Researchers on Wednesday during Black Hat USA 2019 demonstrated an attack that allowed them to bypass a victim’s FaceID and log into their phone simply by putting a pair of modified glasses on their face. By merely placing tape carefully over the lenses of a pair glasses and placing them on the victim’s face the researchers demonstrated how they could bypass Apple’s FaceID in a specific scenario. The attack itself is difficult, given the bad actor would need to figure out how to put the glasses on an unconscious victim without waking them up.
To launch the attack, researchers with Tencent tapped into a feature behind biometrics called “liveness” detection, which is part of the biometric authentication process that sifts through “real” versus “fake” features on people.
Researchers specifically honed in on how liveness detection scans a user’s eyes. They discovered that the abstraction of the eye for liveness detection renders a black area (the eye) with a white point on it (the iris). And, they discovered that if a user is wearing glasses, the way that liveness detection scans the eyes changes.
“After our research we found weak points in FaceID… it allows users to unlock while wearing glasses… if you are wearing glasses, it won’t extract 3D information from the eye area when it recognizes the glasses.”
Putting these two factors together, researchers created a prototype of glasses – dubbed “X-glasses” – with black tape on the lenses, and white tape inside the black tape.
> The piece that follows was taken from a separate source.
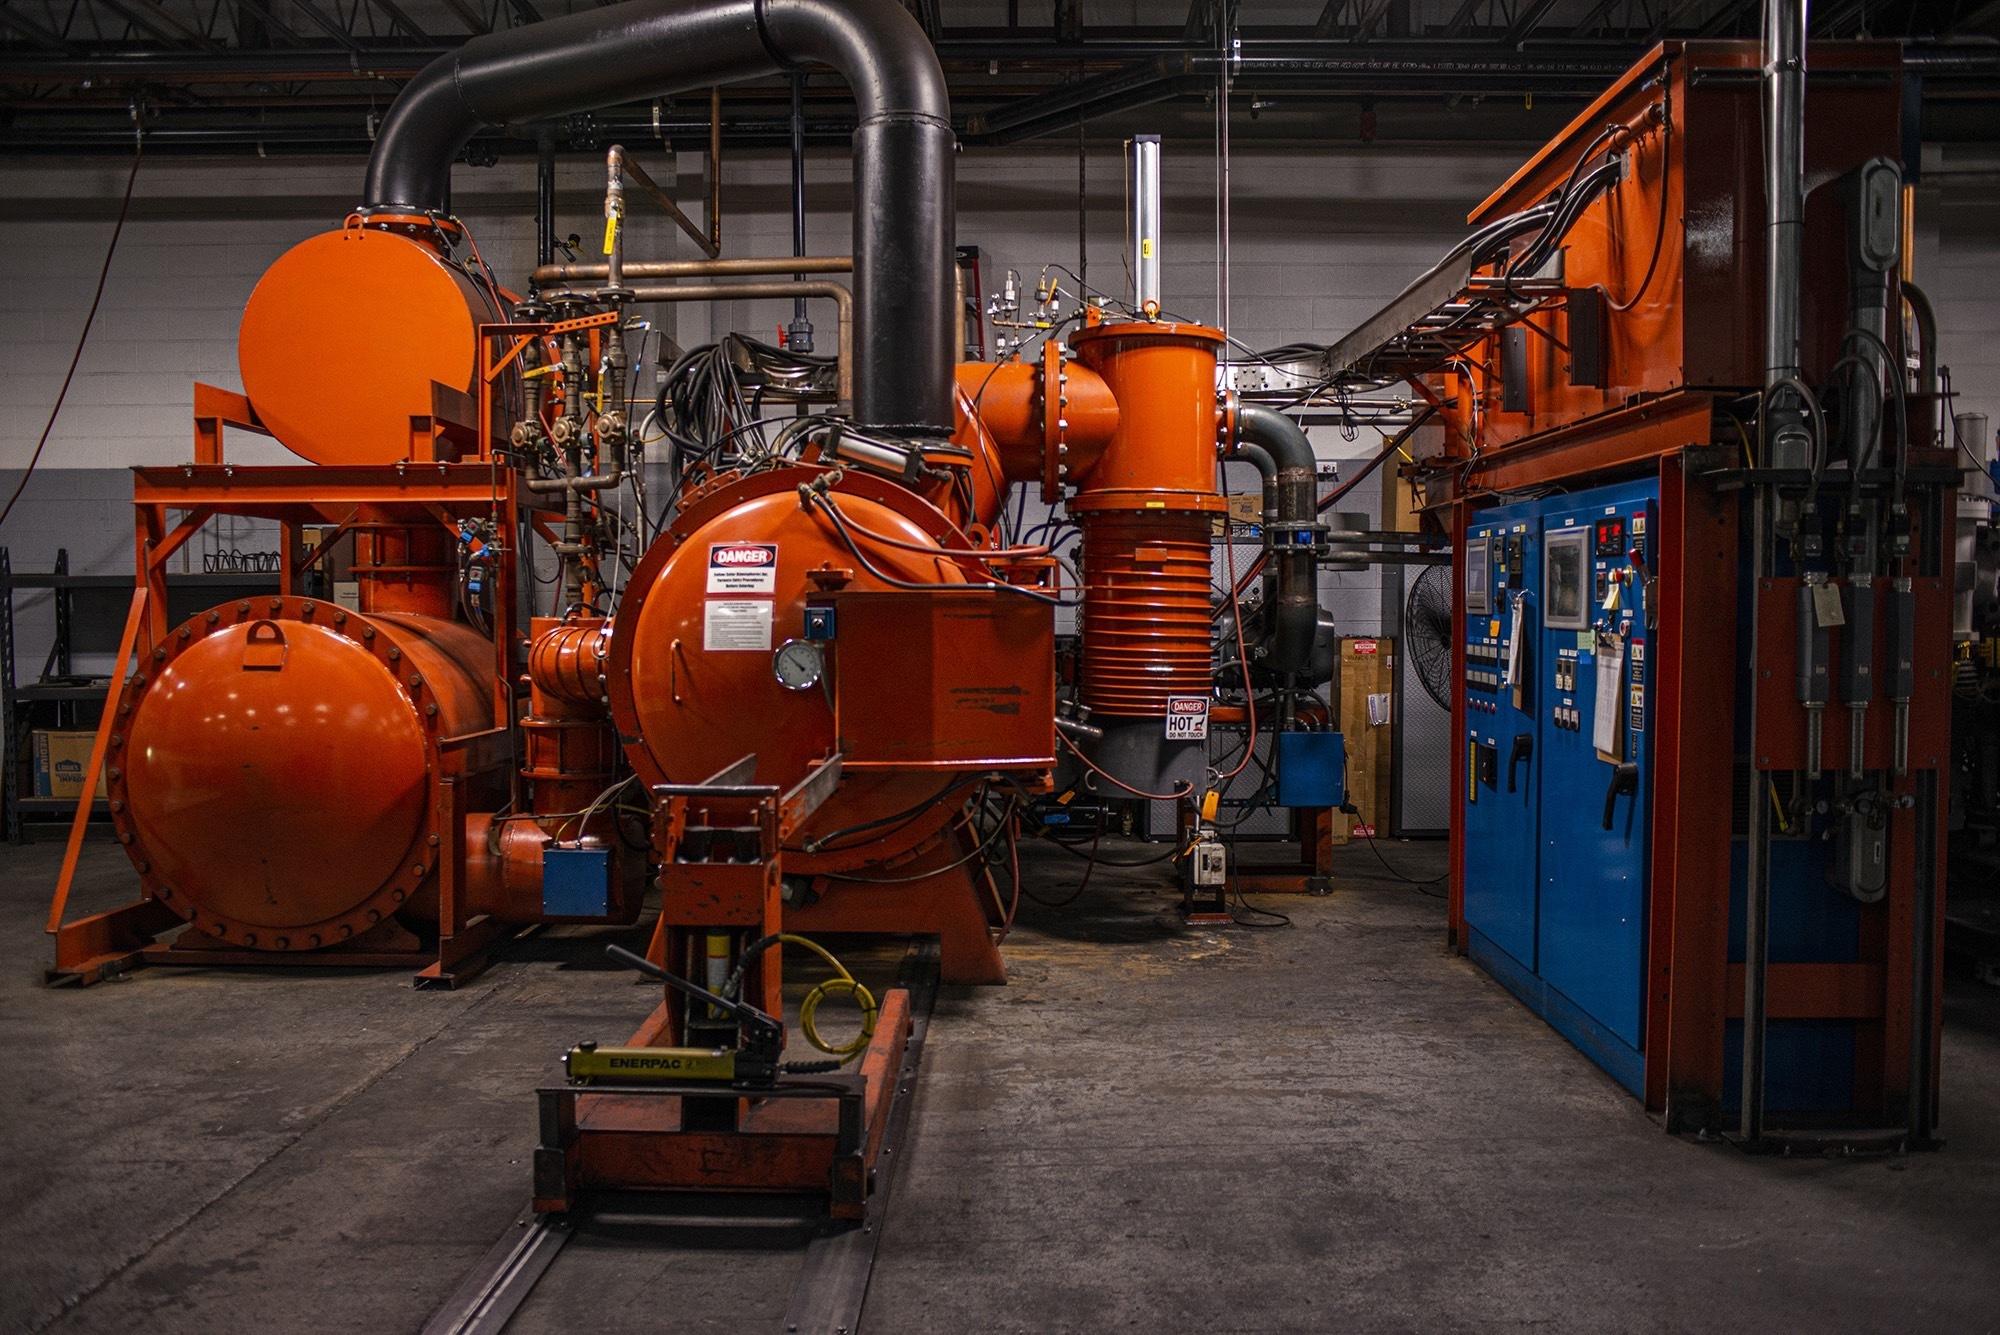 Vacu Braze facility displays furnace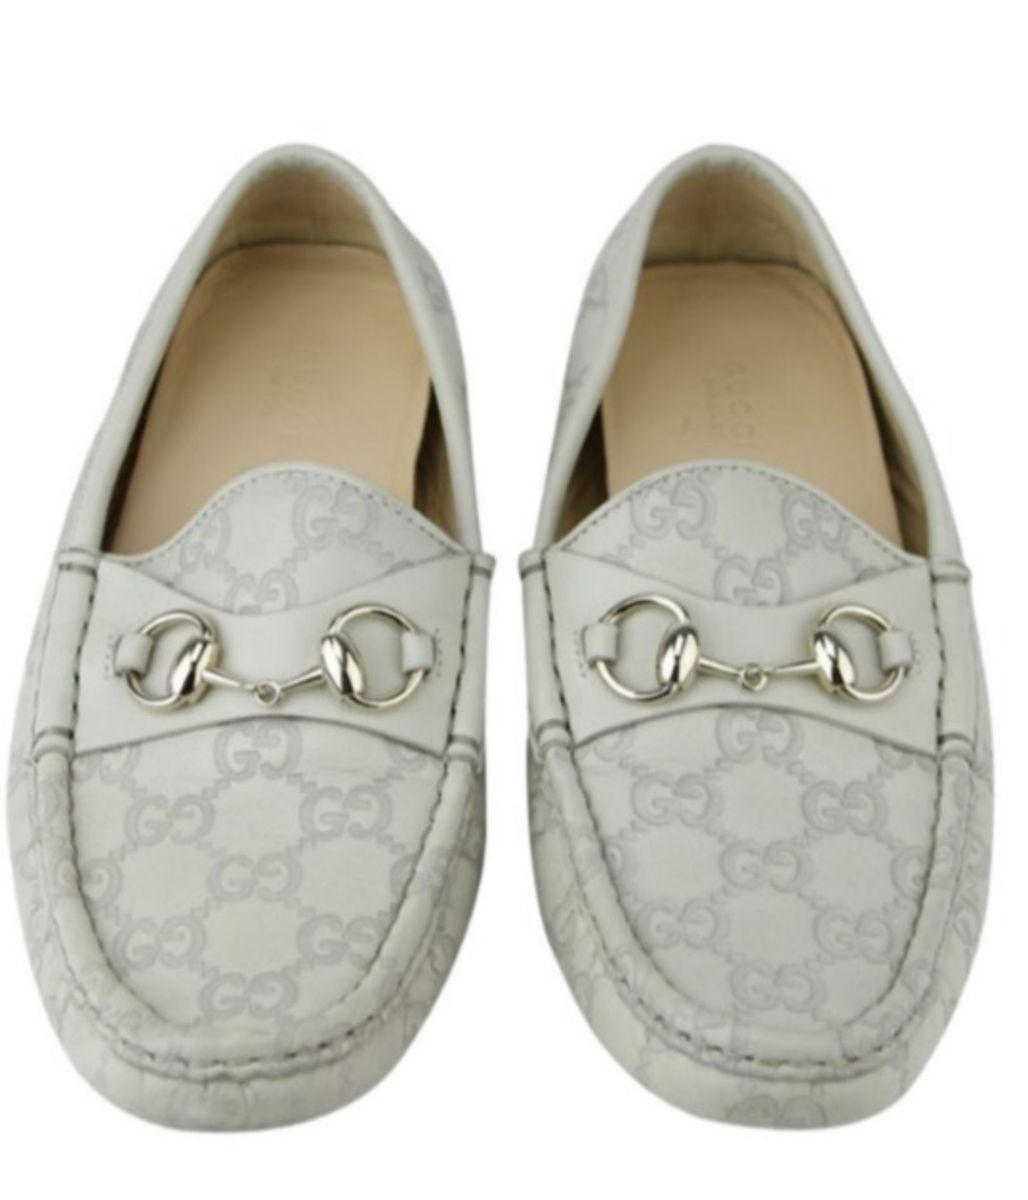 3a0d3e6f6 mocassim gucci - sapatos gucci.  Czm6ly9wag90b3muzw5qb2vplmnvbs5ici9wcm9kdwn0cy8xnjkyodkvywi1njuwmdc1mzvjmdy5mmi3nwrlzdc0yta4mdcwyzquanbn

Using this trick they were then able to unlock a victim’s mobile phone and then transfer his money through mobile payment App by placing the tape-attached glasses above the sleeping victim’s face to bypass the attention detection mechanism of both FaceID and other similar technologies.
The attack comes with obvious drawbacks – the victim must be unconscious, for one, and can’t wake up when the glasses are placed on their face.